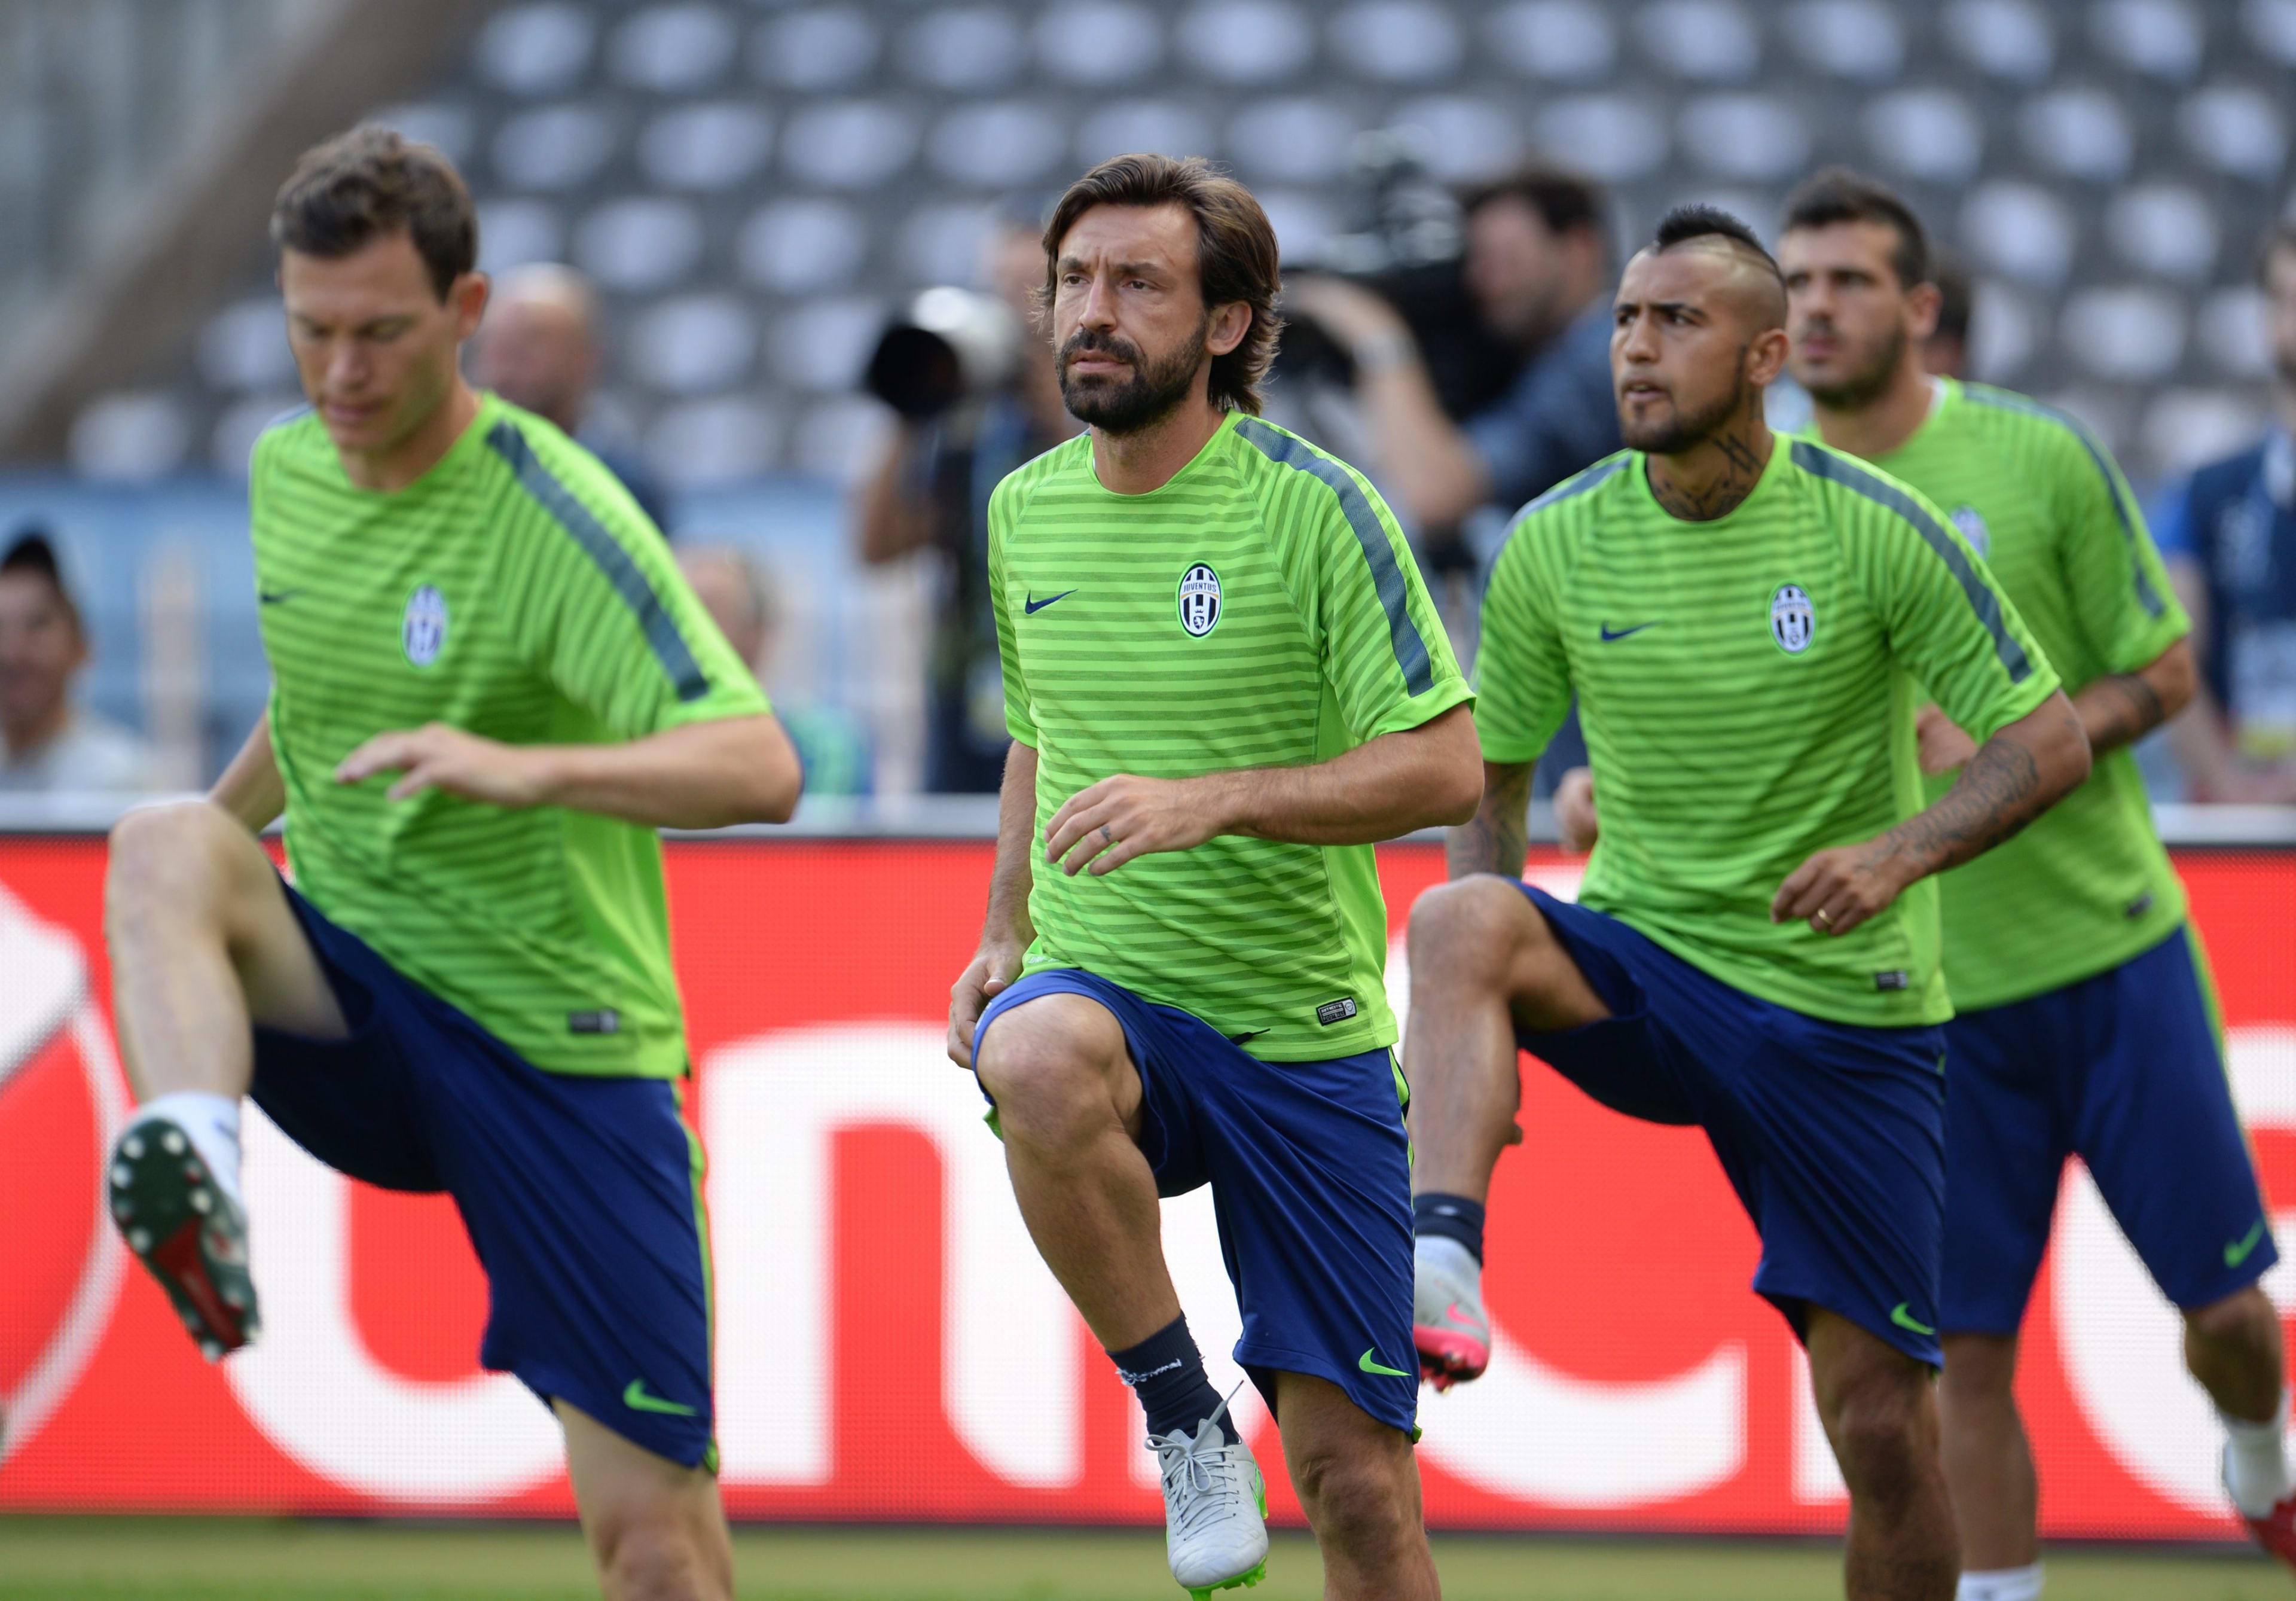 QUOTE: Pirlo over warming up's 
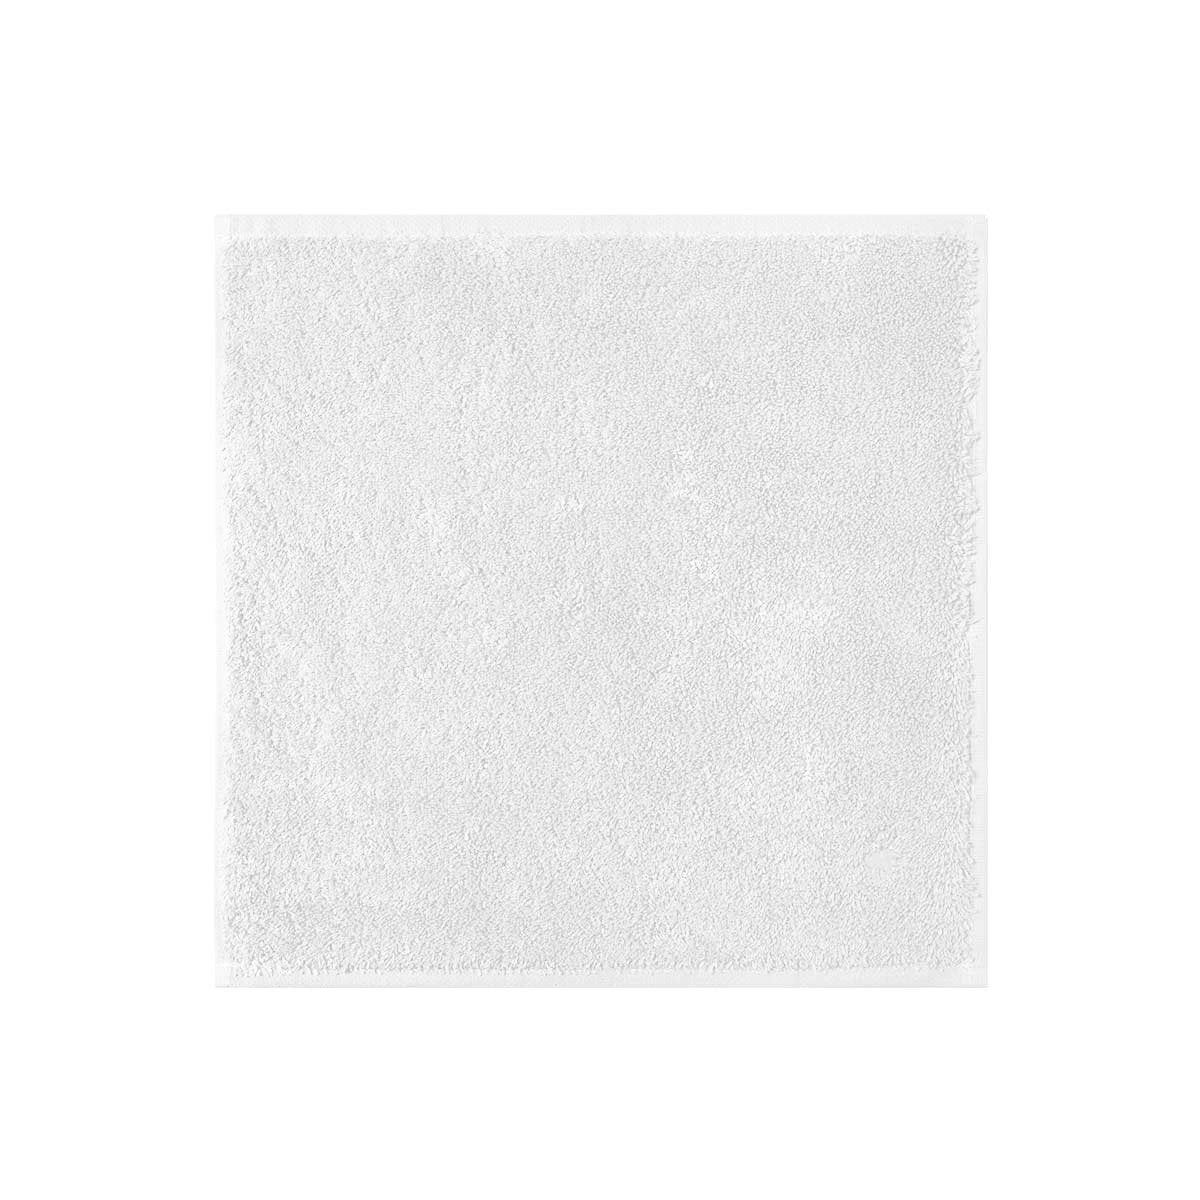 Etoile Blanc Bath Collection by Yves Delorme | Fig Linens - White wash cloth
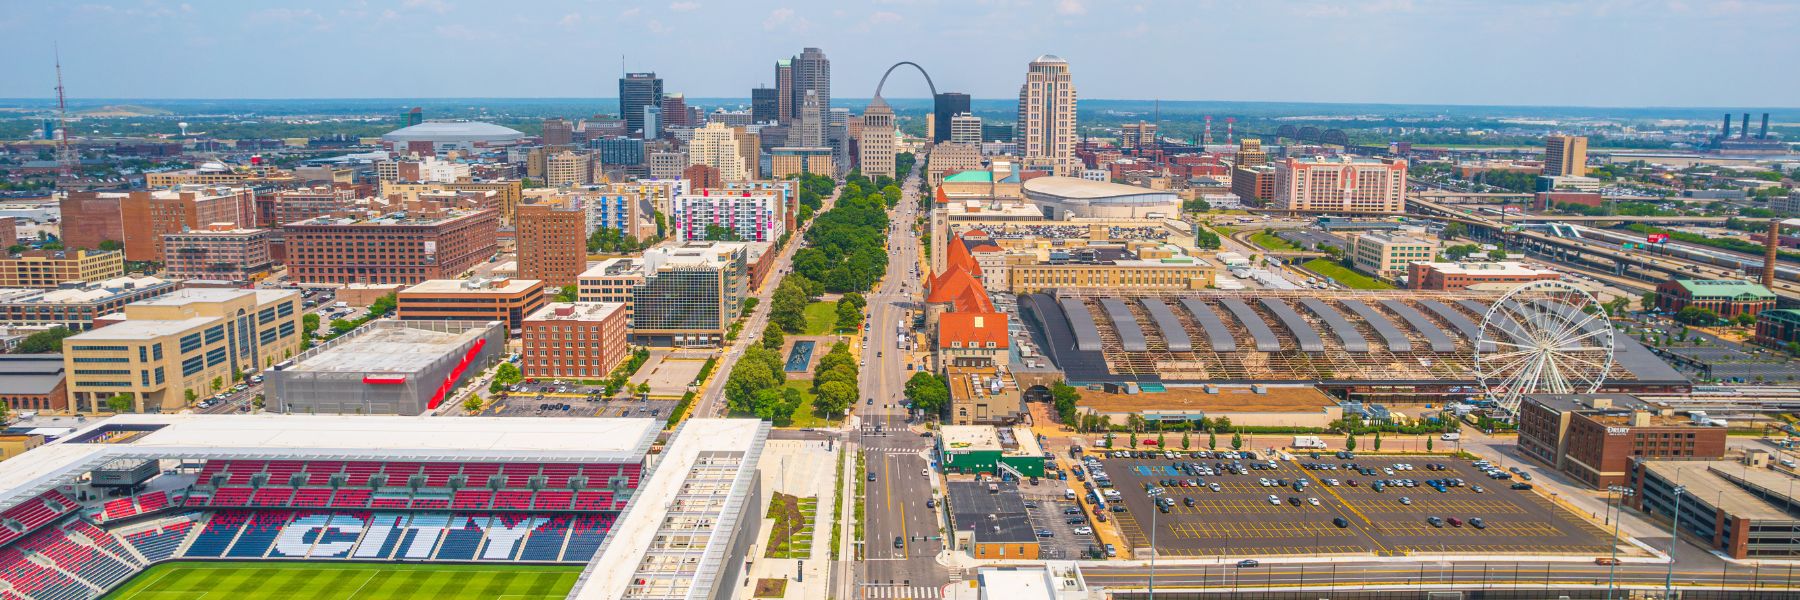 The St. Louis skyline features CITYPARK, Union Station and the Gateway Arch.

====

▶ **WHAT TO PRODUCE**: Copy out all of the material exactly as written, without its pictures.

▶ **TASK SOLUTION**:
 QUOTE: Pirlo over warming up's 
 Etoile Blanc Bath Collection by Yves Delorme | Fig Linens - White wash cloth
 The St. Louis skyline features CITYPARK, Union Station and the Gateway Arch.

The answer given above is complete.